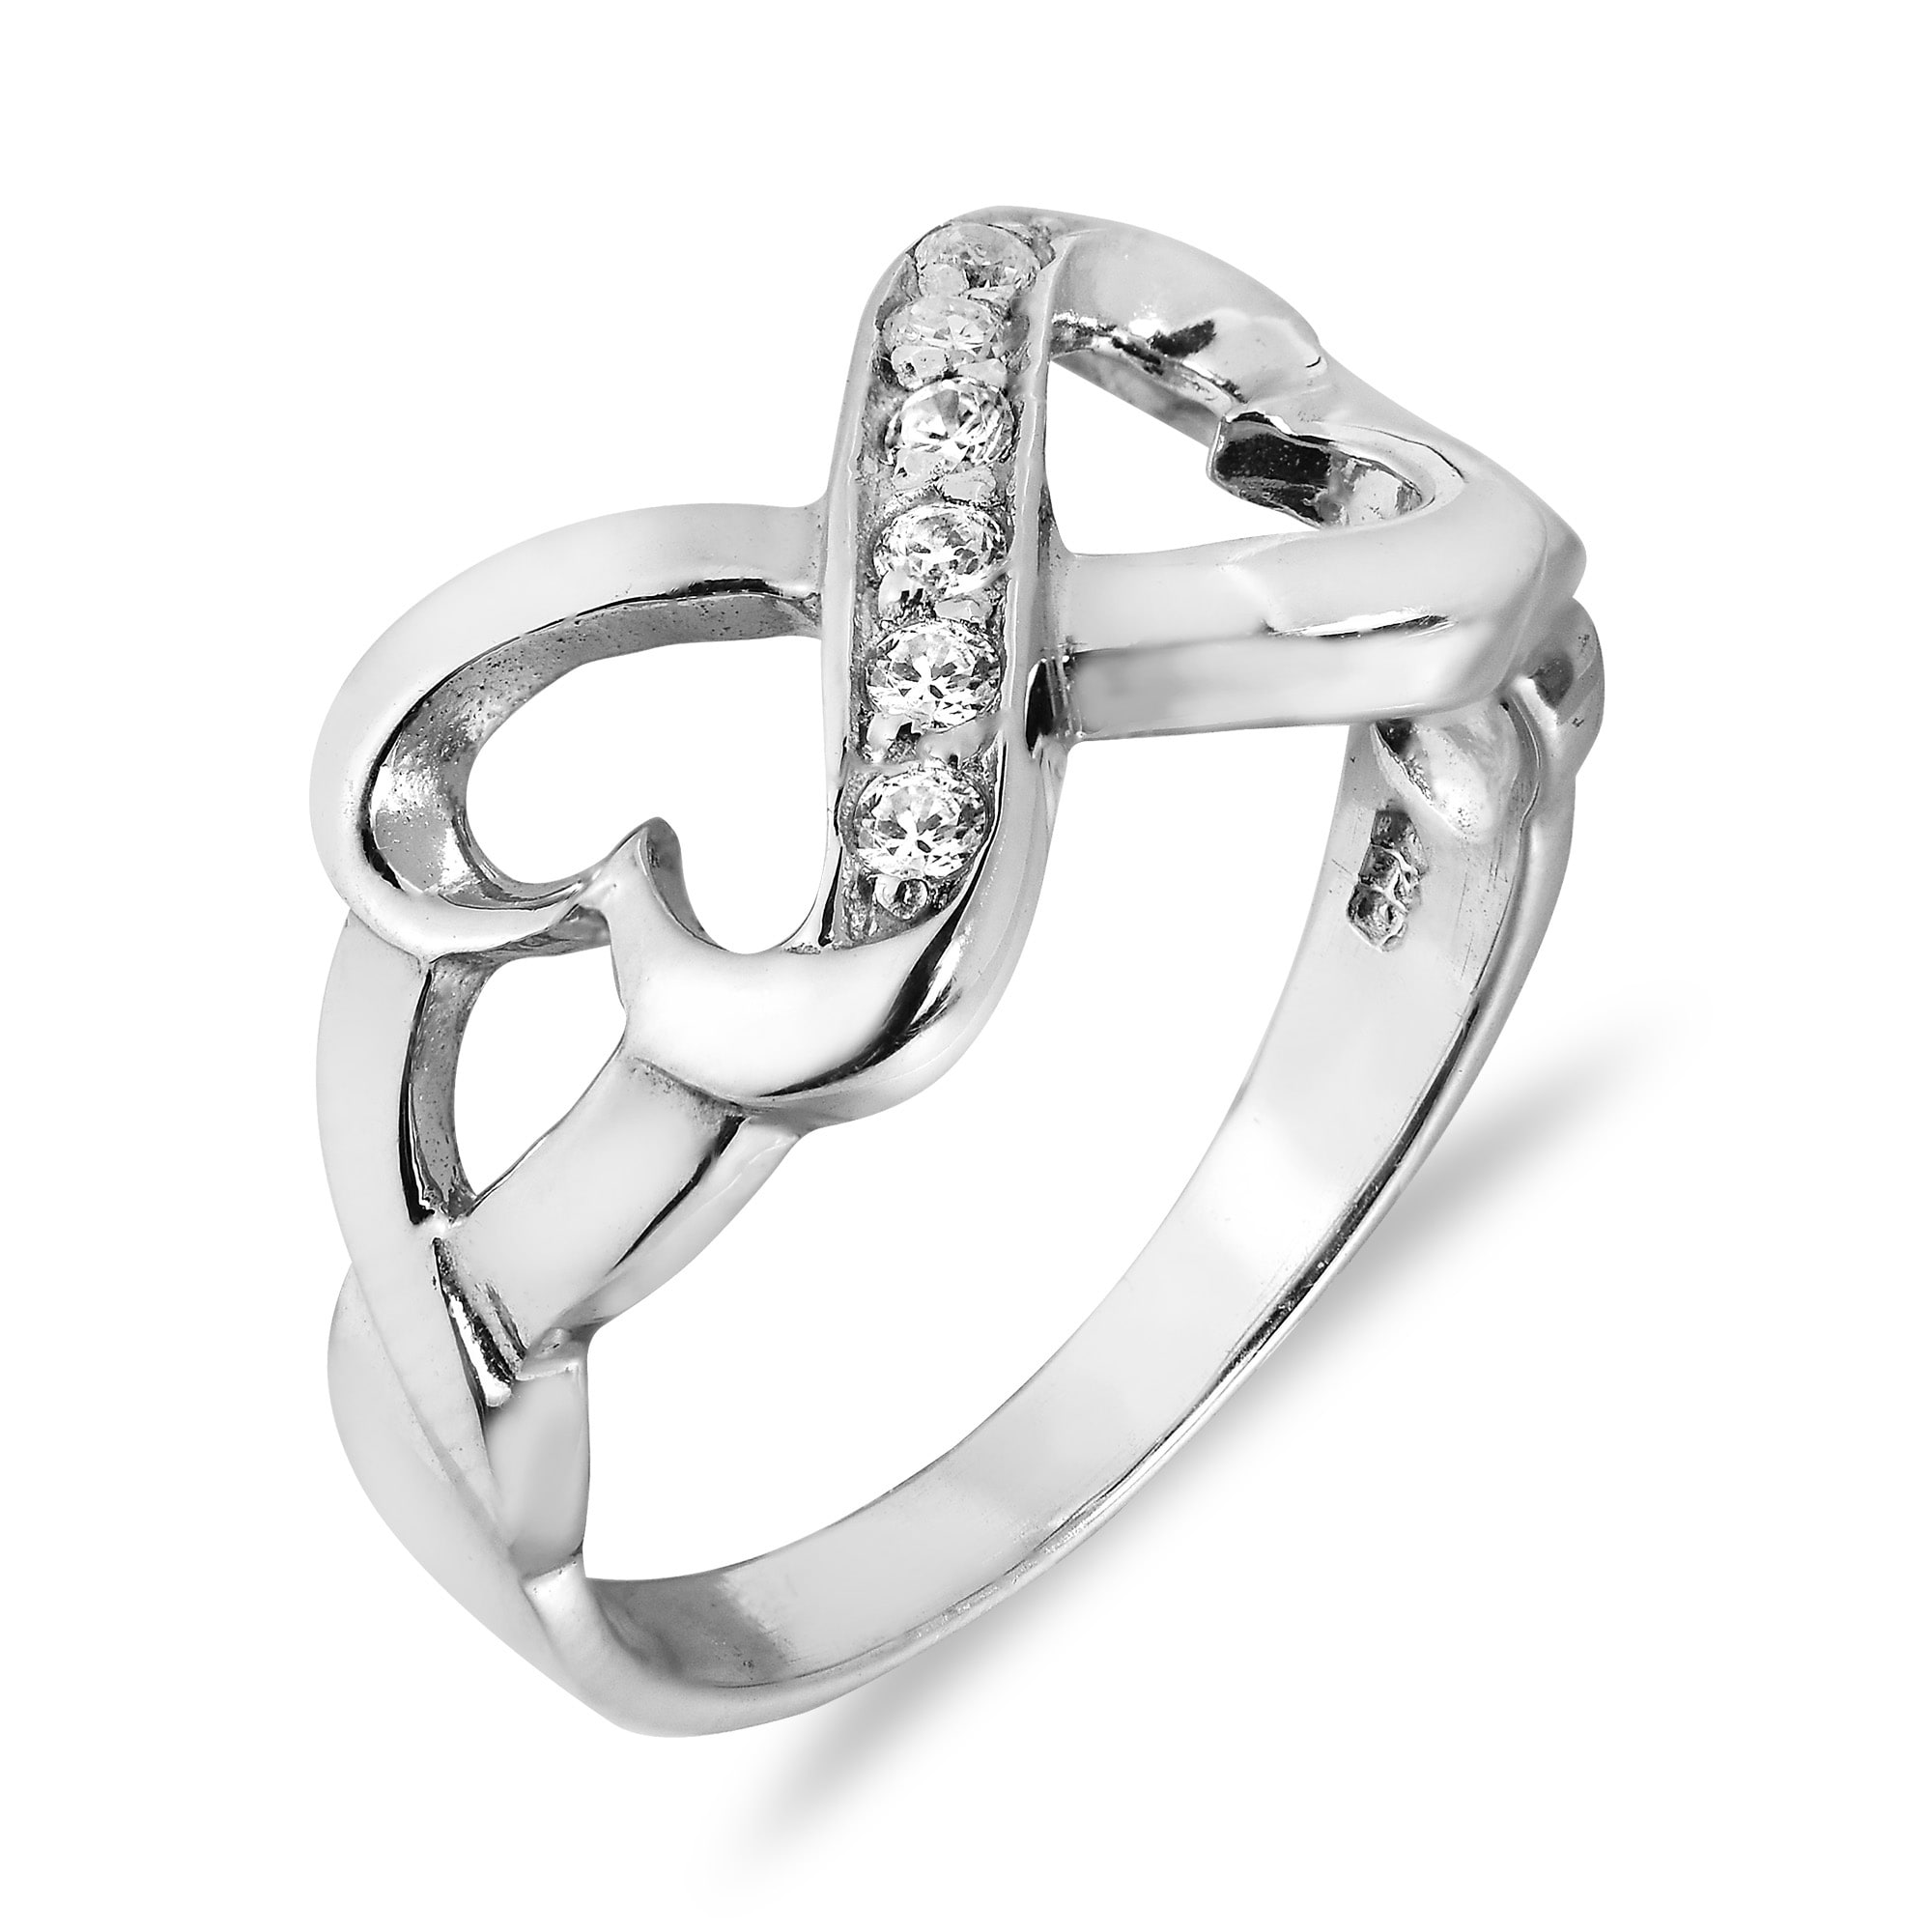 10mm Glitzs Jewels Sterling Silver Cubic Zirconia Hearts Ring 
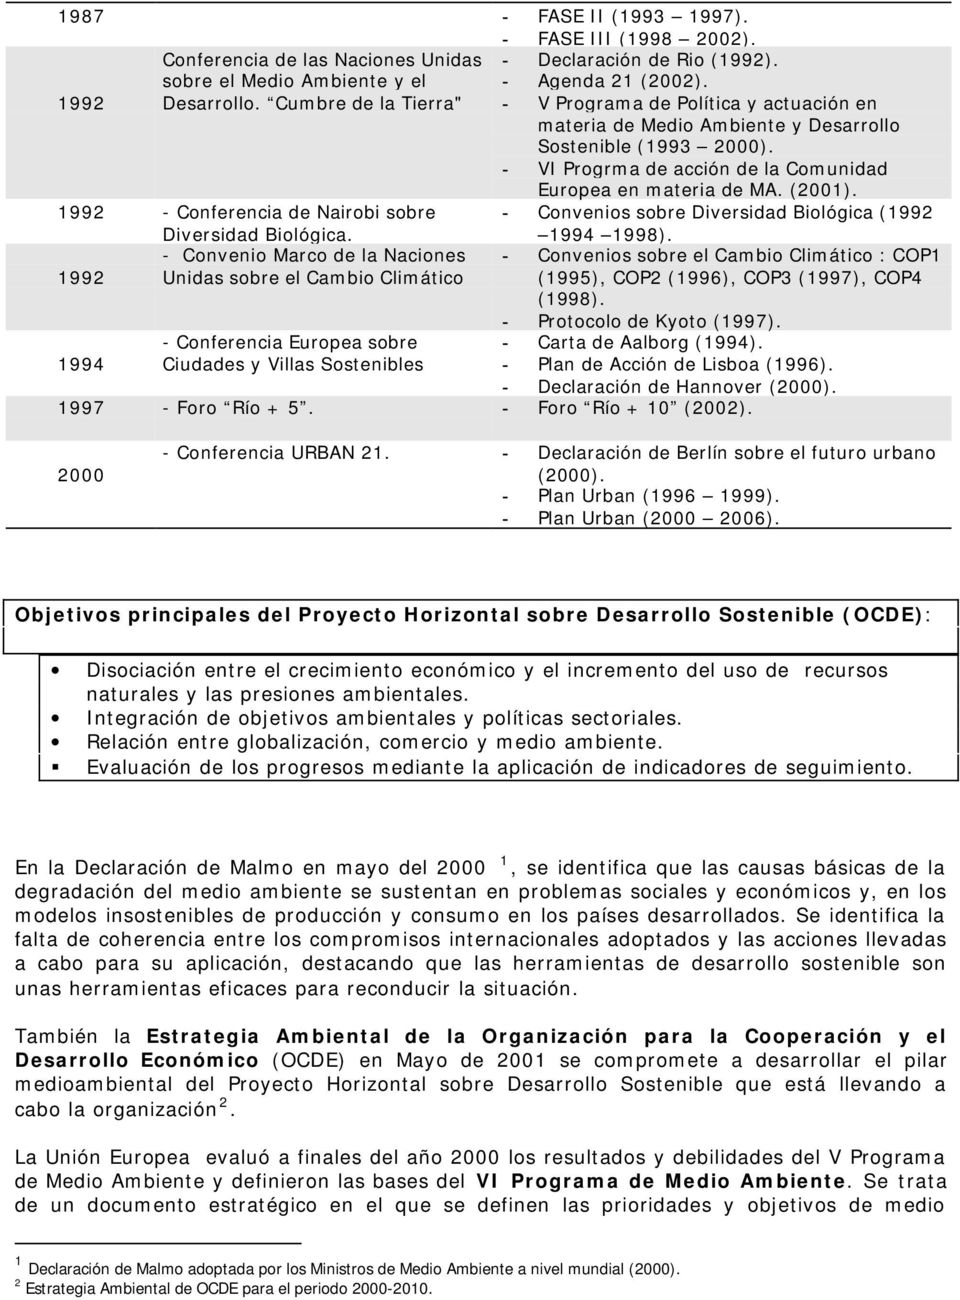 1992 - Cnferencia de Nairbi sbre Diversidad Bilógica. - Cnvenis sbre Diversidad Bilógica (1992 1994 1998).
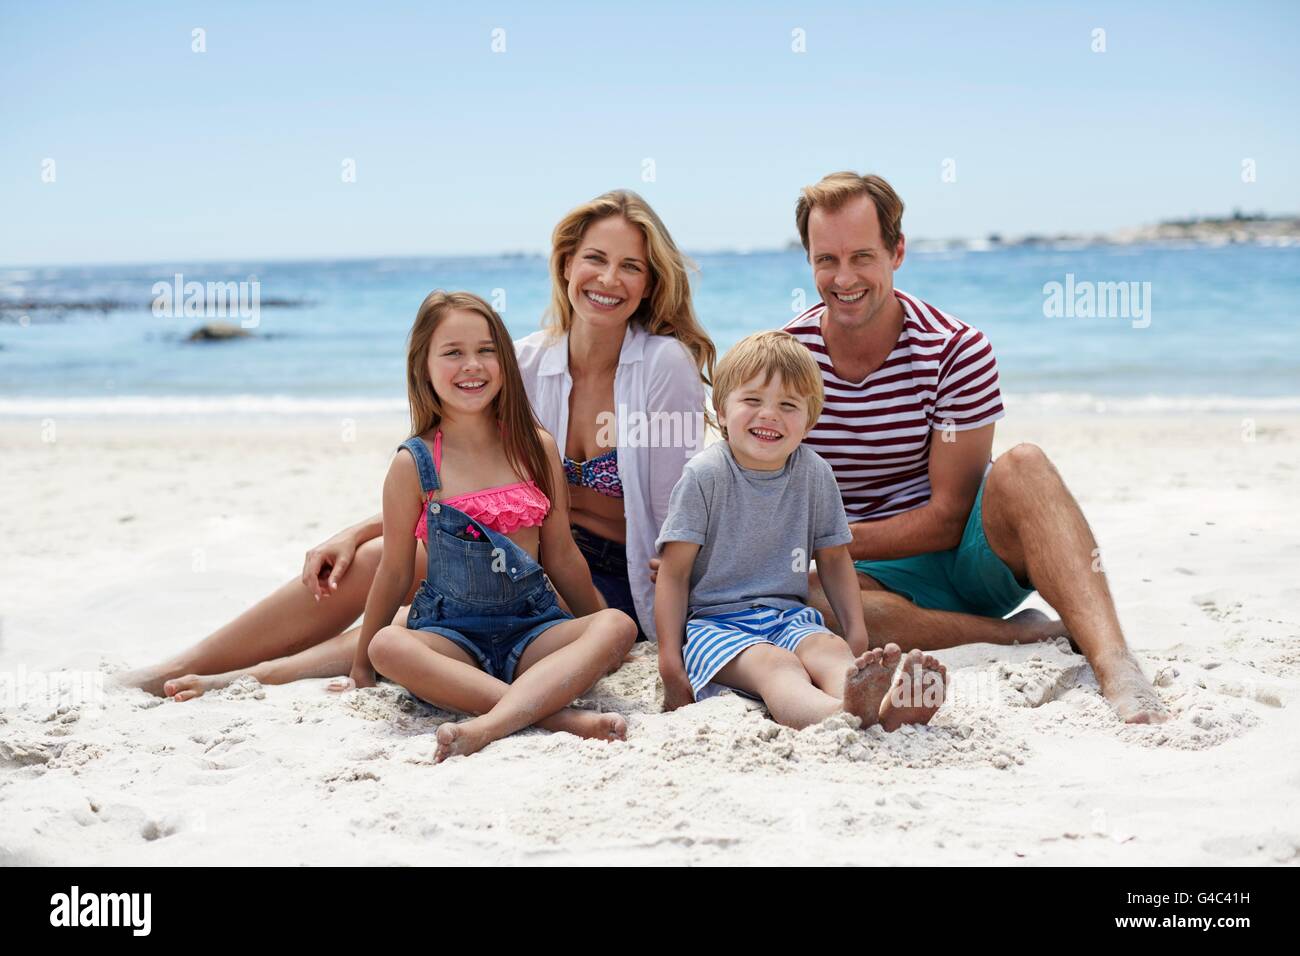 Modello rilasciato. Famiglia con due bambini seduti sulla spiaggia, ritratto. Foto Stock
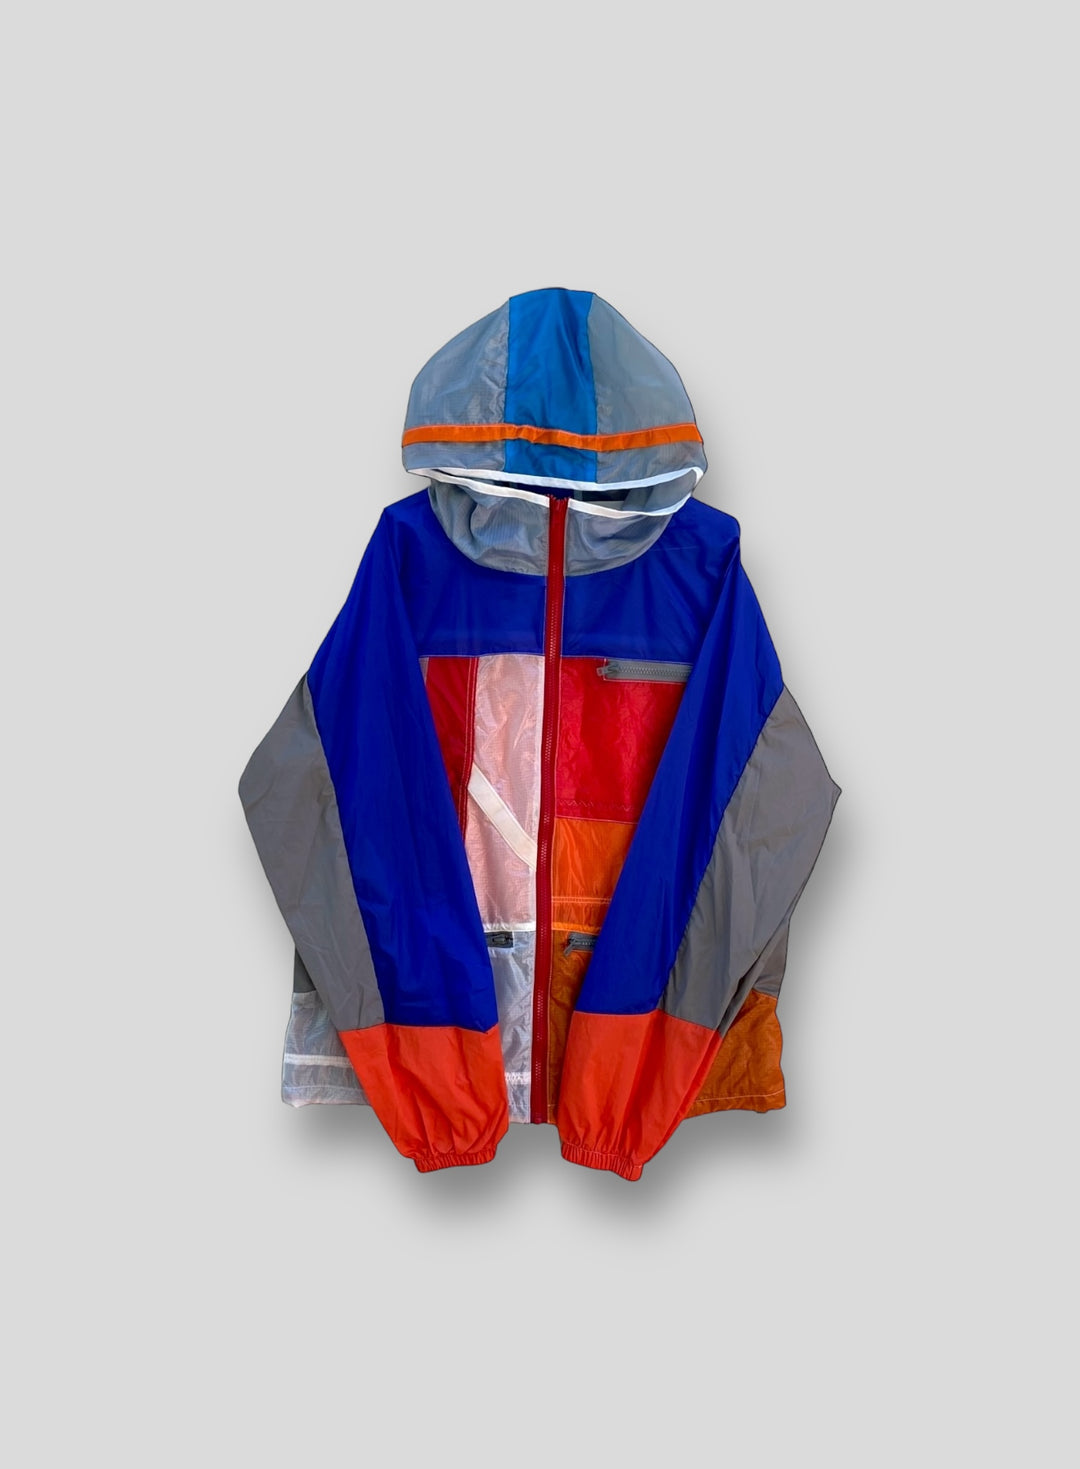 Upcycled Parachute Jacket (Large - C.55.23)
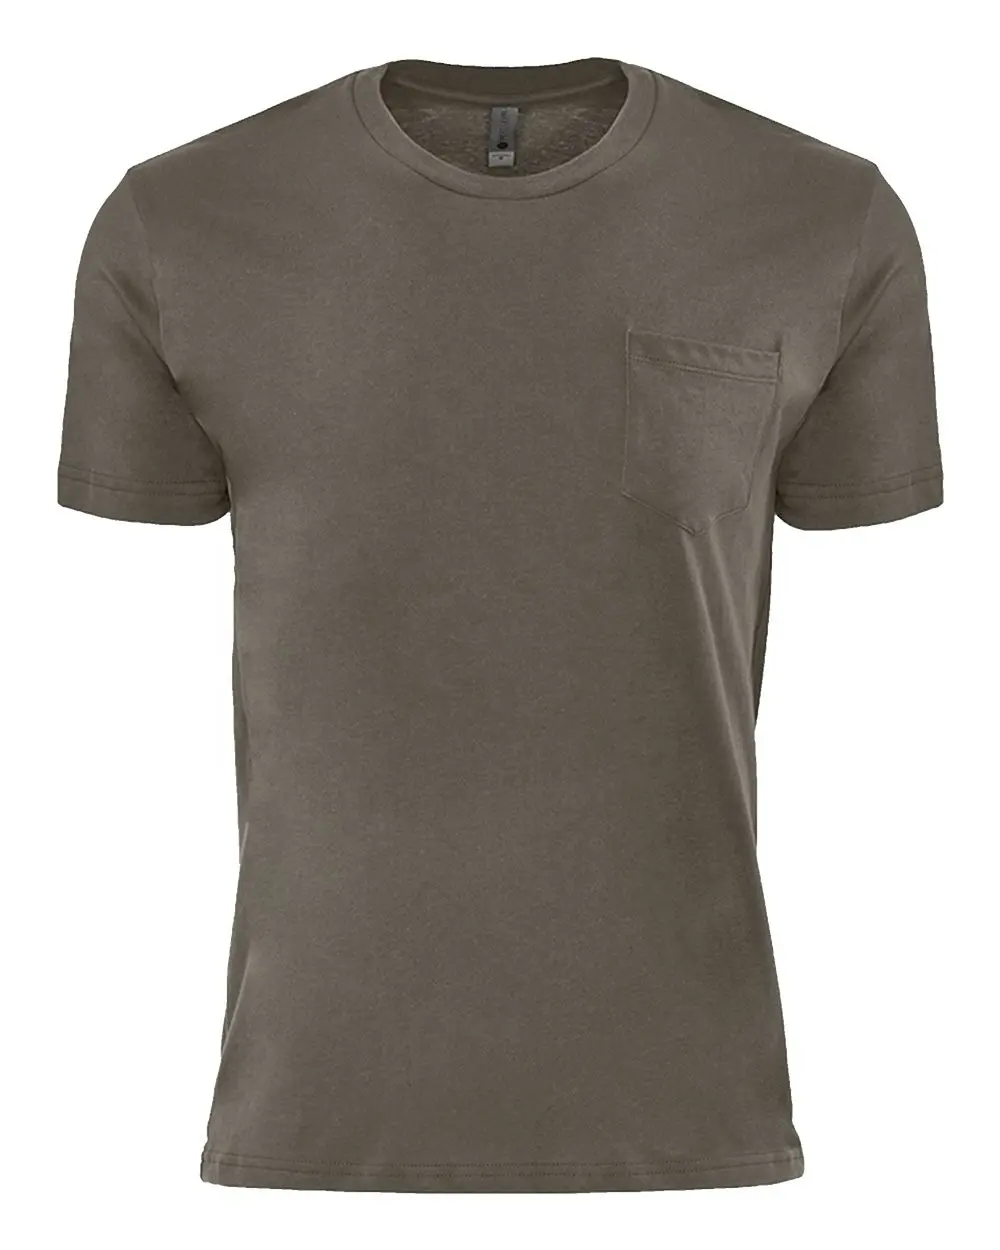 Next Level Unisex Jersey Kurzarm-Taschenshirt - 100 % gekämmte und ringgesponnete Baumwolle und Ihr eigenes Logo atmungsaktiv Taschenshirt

> _WHAT THE EXERCISE ASKS_: Before copying, set the pictures aside; then give the records again exactly.

> _ANSWER FOR THIS EXERCISE_:
 10mm Glitzs Jewels Sterling Silver Cubic Zirconia Hearts Ring 
 1992 - Cnferencia de Nairbi sbre Diversidad Bilógica. - Cnvenis sbre Diversidad Bilógica (1992 1994 1998).
 Modello rilasciato. Famiglia con due bambini seduti sulla spiaggia, ritratto. Foto Stock
 Upcycled Parachute Jacket (Large - C.55.23)
 Next Level Unisex Jersey Kurzarm-Taschenshirt - 100 % gekämmte und ringgesponnete Baumwolle und Ihr eigenes Logo atmungsaktiv Taschenshirt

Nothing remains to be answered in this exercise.